I'm new to RNA-Seq analyses and DeSEQ2. Apologies if this has been covered previously. I am running analyses on samples within three conditions. I created a dds object from a count matrix, pre-filtered, and moved on to differential expression analyses.
**dds <- DESeq(dds)
res1 <- results(dds, contrast=c("condition","B","A"))
res2 <- results(dds, contrast=c("condition","C","A"))
res3 <- results(dds, contrast=c("condition","C","B"))**
Then I tried lfcshrink...
**resLFC1 <- lfcShrink(dds, coef="conditionBvs_A", type="apeglm")

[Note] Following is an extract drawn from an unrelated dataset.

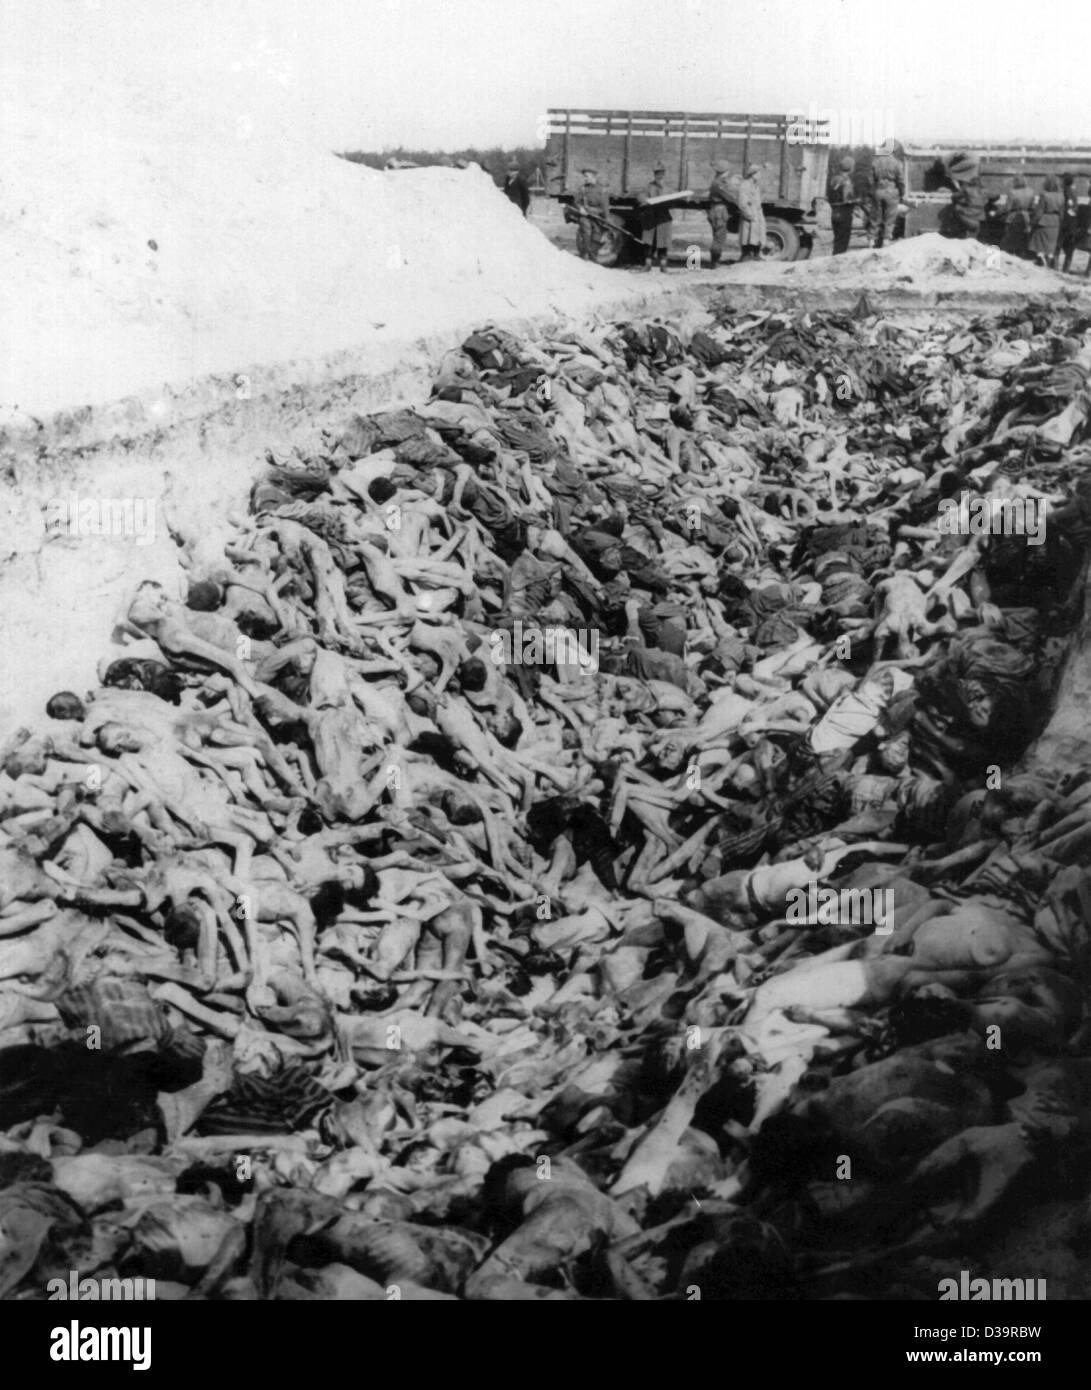 (Dpa file) - i corpi di centinaia di prigionieri che sono state uccise o sono morti di fame o di contagio sono giacenti in una fossa comune presso l'ex campo di concentramento nazista Bergen-Belsen vicino a Celle, Germania (non datato). Più di 60.000 persone hanno perso la vita nel campeggio durante il Terzo Reich. Foto Stock

resLFC2 <- lfcShrink(dds, coef="conditionCvs_A", type="apeglm")
resLFC3 <- lfcShrink(dds, coef="conditionCvs_B", type="apeglm")**
Of course, I got an error on resLFC3 // coef %in% resultsNames(dds) is not TRUE
...As resultsNames only lists two conditions: "conditionBvsA" and "conditionCvsA"
I tried to relevel on condition B, but this doesn't change my resultsNames dds$condition <- relevel(dds$condition, ref = "B") I read the extended data section on shrinkage filters. "We give some examples below of producing equivalent designs for use with coef. We show how the coefficients change with model.matrix, but the user would, for example, either change the levels of dds$condition or replace the design using design(dds)<-, then run nbinomWaldTest followed by lfcShrink." Could someone help me on how to change the design(dds)...so I can run lfcSrhink on condition C vs B?